- Available data
⁂

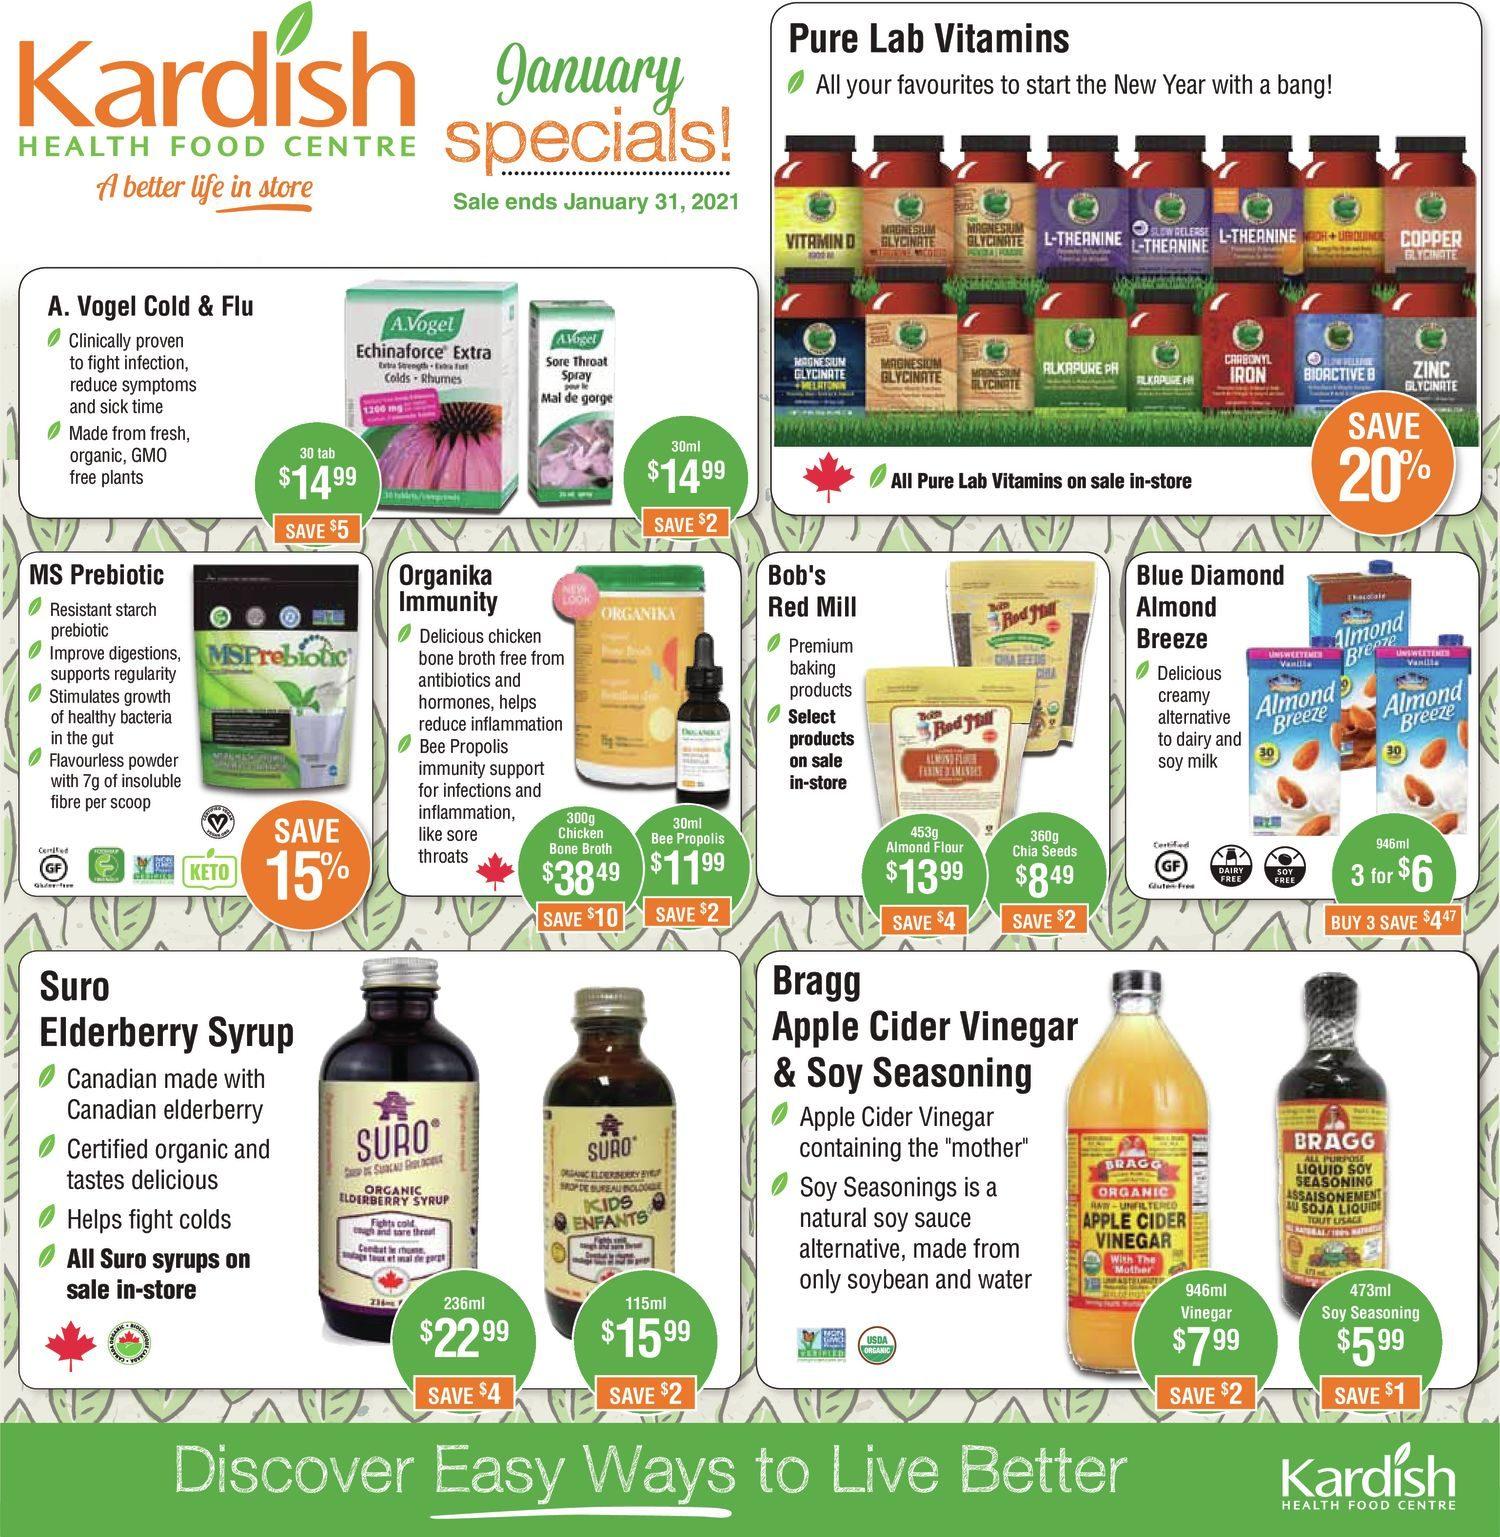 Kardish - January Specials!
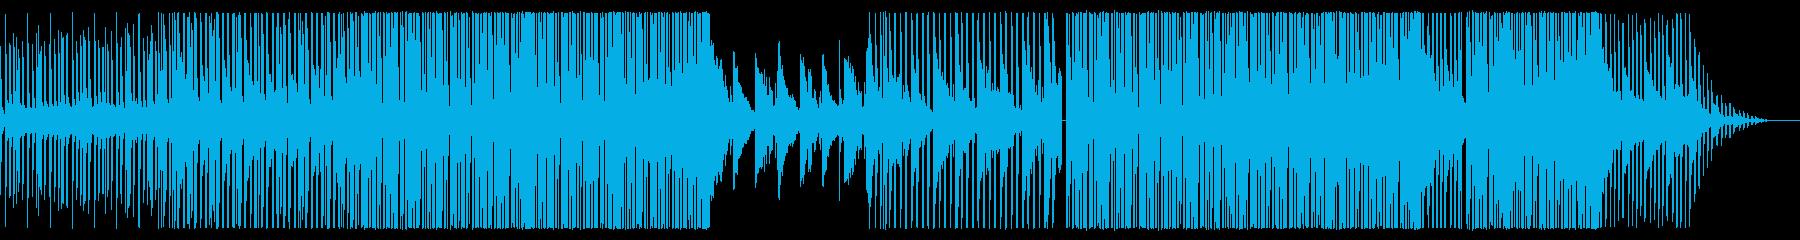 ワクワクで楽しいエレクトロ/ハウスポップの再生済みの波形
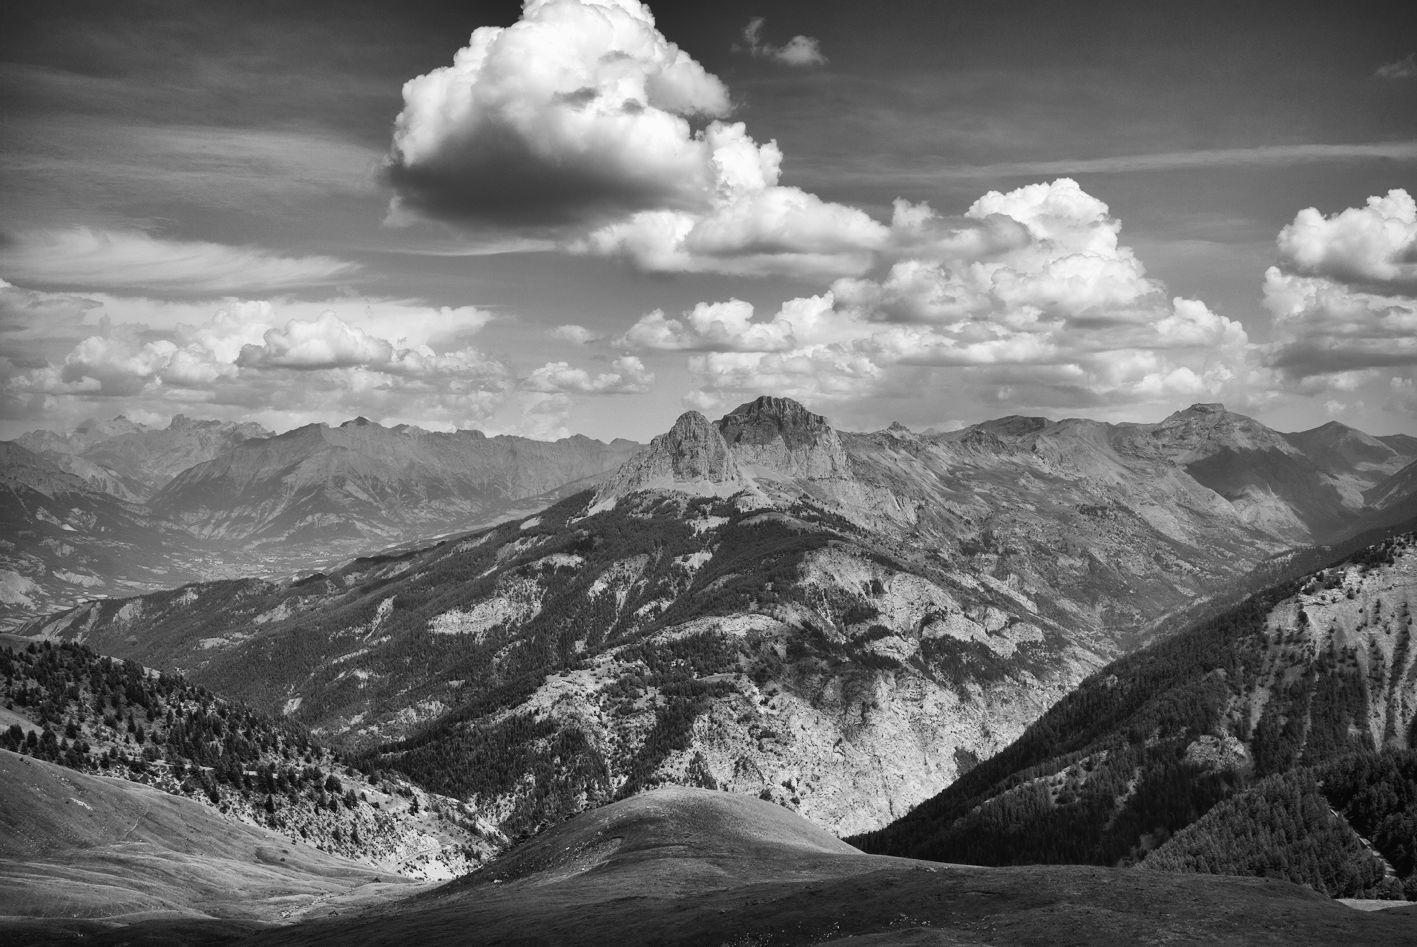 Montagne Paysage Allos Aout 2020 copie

⁂

- Task to complete
Nothing but the pictures should be left out when the listing is repeated exactly.

- Exercise solution
 Kardish - January Specials!
 ワクワクで楽しいエレクトロ/ハウスポップの再生済みの波形
 Montagne Paysage Allos Aout 2020 copie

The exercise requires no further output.